La baie de Tongoy était devenue le fief de la Saint-Jacques au Chili, l’un des premiers producteurs mondiaux.

Depuis les années 80, les pêcheurs du village s’étaient peu à peu initiés à l’élevage artificiel du mollusque, nourrissant une demande mondiale en hausse, et délaissant la pêche traditionnelle, plus aléatoire et dangereuse.

En 2006, le kilo de Saint-Jacques rapportait à peu près 15 dollars (10 euros) aux producteurs de Tongoy. Mais le prix avait déjà baissé ces dernières années, à 8,3 dollars, en raison de la concurrence du Pérou voisin, premier fournisseur de marchés européens très friands, comme la France et l’Espagne.

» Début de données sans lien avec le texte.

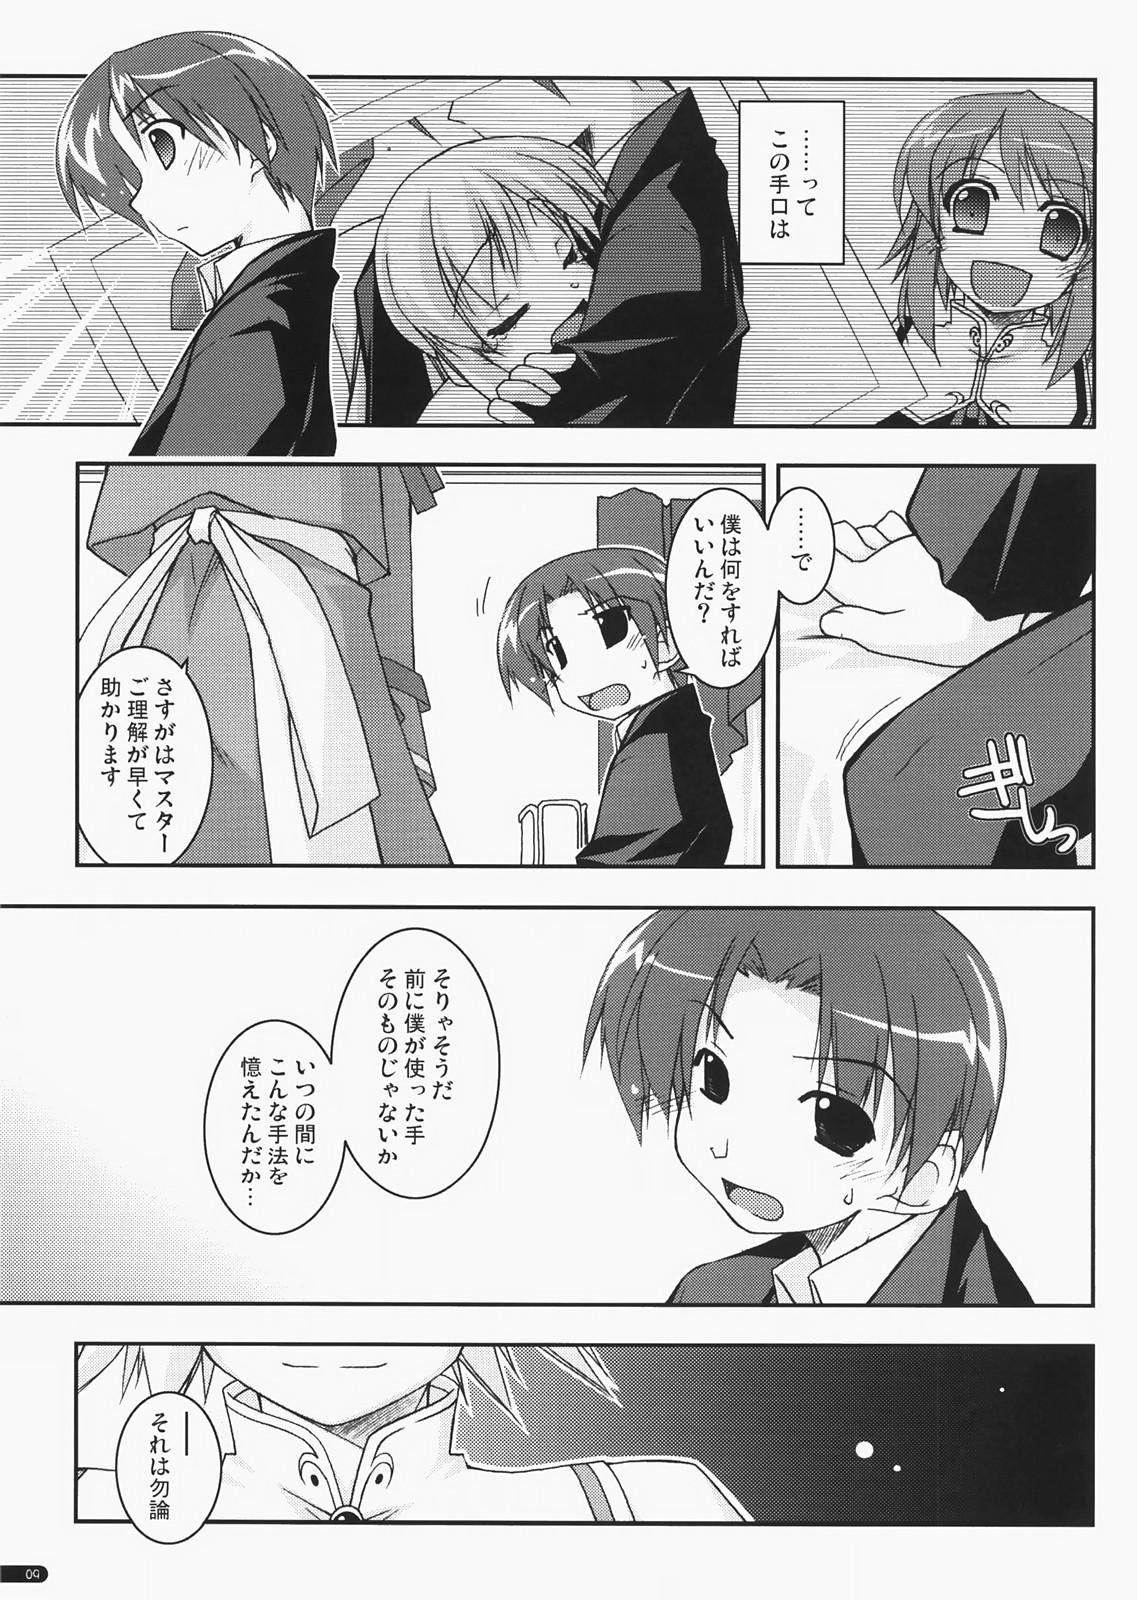 Nalgas case of "Leader-san" - Haruka ni aogi uruwashi no Safada - Page 8

En raison d’une main d’oeuvre moins coûteuse, d’un milieu marin aidant une maturation plus rapide des mollusques, de facilités administratives, “la Saint-Jacques péruvienne est beaucoup moins chère”, explique Franklin Munoz, administrateur de l’entreprise conchylicole Sacmar.

Deux producteurs ont dû fermer l’an dernier, avec 700 licenciements à la clé, sous l’effet de la concurrence du Pérou et de la baisse des cours. Et les cinq restant, contre onze au plus fort du boom, tiennent surtout grâce au marché chilien, dont la demande a augmenté lors de la décennie écoulée.

“Mais on ne pourra plus continuer”, sait déjà Briones. Comme ses collègues, il ne voit d’autre alternative que la reconversion, le retour à la pêche en mer sans doute, après le coup de grâce qu’ils n’ont pas vu venir, depuis l’autre versant de l’océan.